White fronted bee-eaters (Merops bullockoides) live in extended family clans that aggregate to roost and nest in large colonies. Members of a given clan also share a common foraging territory, spatially segregated from the colony, to which they commute daily. The size of this foraging territory is positively related to clan size.
Clan foraging territories are divided into a number of loosely overlapping foraging home ranges (FHRs), each occupied by an individual or mated pair of birds. Bee-eaters feed solitarily, flycatching to snap up large insects from widely dispersed perches. Each bird tolerates intrusion on its FHR by various members of its own clan, but aggressively excludes individuals belonging to other clans. Birds defend only their own FHR; however, because of the high amount of FHR overlap, the result is a loose form of group defense of the larger clan feeding area. For this reason we refer to the system as one of clan foraging territories.

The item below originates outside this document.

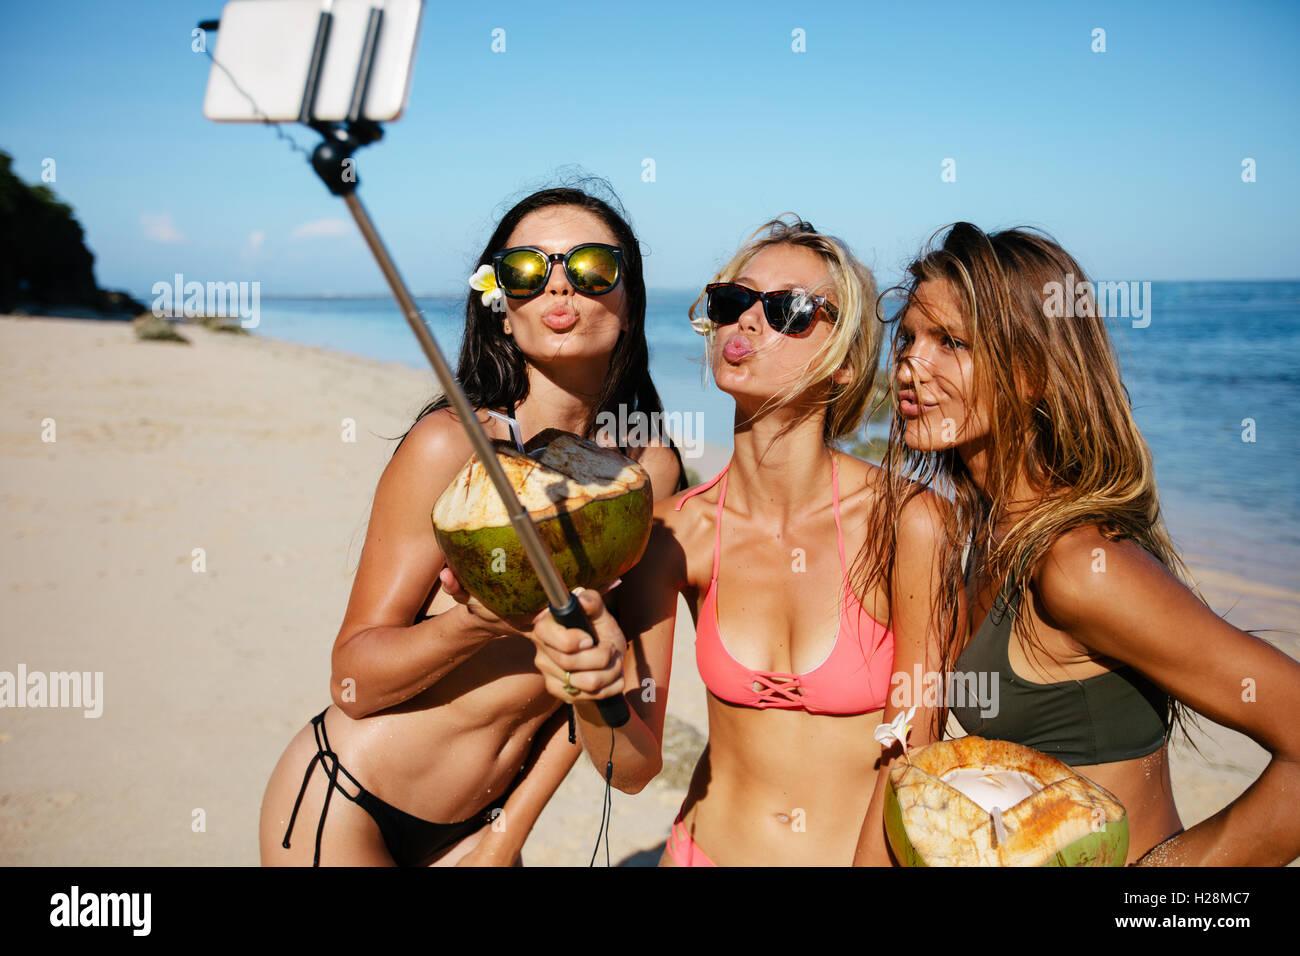 Costume Da Bagno Femminile In Inglese : Tre giovani donne in costume da bagno sulla spiaggia godendo le

Birds occupying clan foraging territories located more than 1.5 to 2 km from a colony temporarily abandoned them while feeding nestlings. At such times, these birds provisioned their young by foraging near the colony. Birds that abandoned territories foraged less efficiently, provisioned nestlings at a lower rate, and had lower breeding success than did birds that continued use of their foraging territories. A model is developed relating territory abandonment to the energetics of central place foraging.
Bee-eaters typically shift colony locations between successive breeding seasons. Foraging territory locations, in contrast, remain largely stable, resulting in large and unpredictable changes in the quality of any given foraging territory across years (quality being defined as distance from the currently active nesting colony).
When a pair bond forms in bee-eaters, one member typically remains in its natal clan while the other moves into the clan of its partner. At this time, the new pair also establishes its own FHR, generally located within or on the periphery of the clan foraging territory of the natal member. The result of this settlement pattern is that white fronted bee-eaters live their lives spatially surrounded by members of their natal or their matrimonial clan. This, in turn, increases the likelihood of both mutualistic and nepotistic interactions among clan members. Such benefits include shared territory defense, enhanced security against predation, and maintenance of close social bonds with potential helpers.
We hypothesize that the adaptive value of clan foraging territories lies in long-term familiarity with a foraging area. Such familiarity was demonstrated to lead to improved foraging efficiency and hypothesized to provide both increased security from predation and a more accurate means of monitoring temporal changes in environmental quality.
The system of clan foraging territories found in white fronted bee-eaters differs from the all-purpose group territories of most other cooperative breeders studied to date in two important ways. First, foraging territories were not limiting in the sense of restricting dispersal and “forcing” offspring to remain with their natal clans. Unoccupied areas of seemingly suitable habitat were present throughout the study area at all times. Birds also showed no tendency to expand their boundaries or move into areas vacated when neighboring clans decreased in size or died off. Second, breeding status and foraging territory ownership are not linked in Merops bullockoides. All pairs defended foraging areas, yet only about 3/4 of them bred in any given year. This percentage did not differ significantly between pairs occupying high quality foraging territories (located near the active nesting colony) and pairs forced to abandon low quality foraging territories located more distantly. We conclude that foraging territories are not a critical ecological constraining factor for white fronted bee-eaters in Kenya.